Sayın Başbakan “İçeride suçsuz yere yatan çok insan var” dedi. Bunlar kendilerini kadı değil aksine kendilerini hâkim görenlerin içerde tuttukları kimselerdir. Kendilerini hâkim görenler kadı değildir. Olamazlar. Dolayısıyla onların yargısal kararları hükümsüzdür. O masumlar yargılamayla değil, hükümle hapiste tutuluyor. Onlar hakkında kararlarını verenler takdirlerini nefislerine göre kullanmışlardır. Binaenaleyh kararları kaderin kazasına ve iktizasına uygun olmadığı için zulümdür. Hapiste suçsuz yere yatanlar kendi kaderlerine uygun olarak orada yer alıyor ama onları orada tutanlar zulüm işliyor.
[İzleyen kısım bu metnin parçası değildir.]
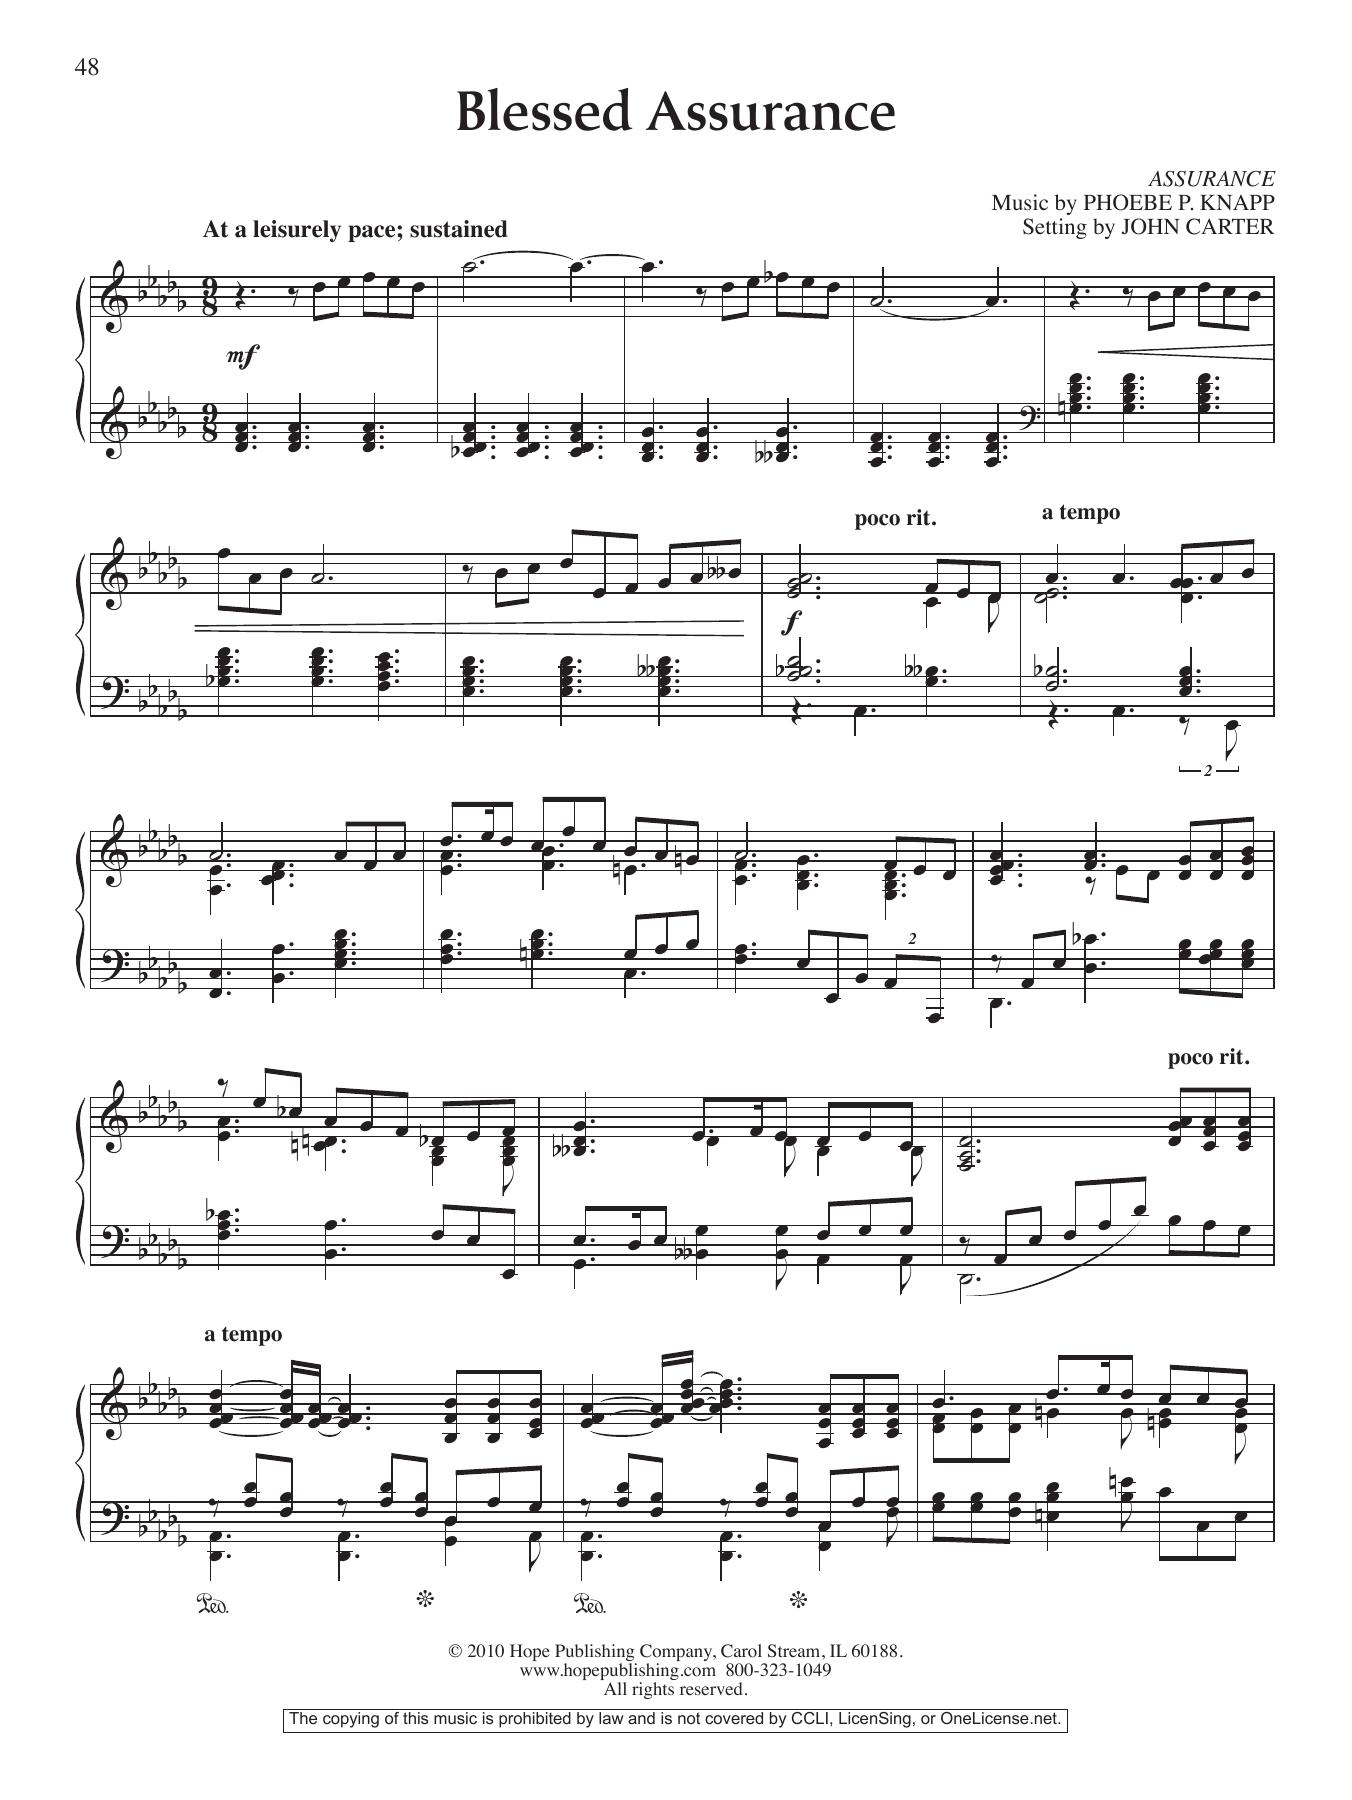 Sax Tenor Music Grace Solo Amazing Sheet

Onların kaderi onları takdir ediyor ama onları orada tutanlara tuzak hazırlıyor.

Hapiste yatan herkes kaderine uygun yatıyor dolayısıyla hepsi kaderine uygun yaşamanın ecrini alıyor. Onlar beşerin değil, kaderin mahkûmudur. Zalimlerin hükmünü hiçe sayarak kaderin hükmüne rıza gösteren kader mahkûmları azizdir. Ama onları orada haksız yere tutan hâkimler mahkûmdur. Çünkü kaderin kazasına göre değil kendi takdirlerine göre hareket etmişlerdir. Onların da kaderi kazaya uygun olarak onları cezalandıracaktır. Her halde hüküm Allah`ındır.

Zalimlerin hükmünü hiçe sayarak kaderin hükmüne rıza gösteren kader mahkûmlarına selam olsun!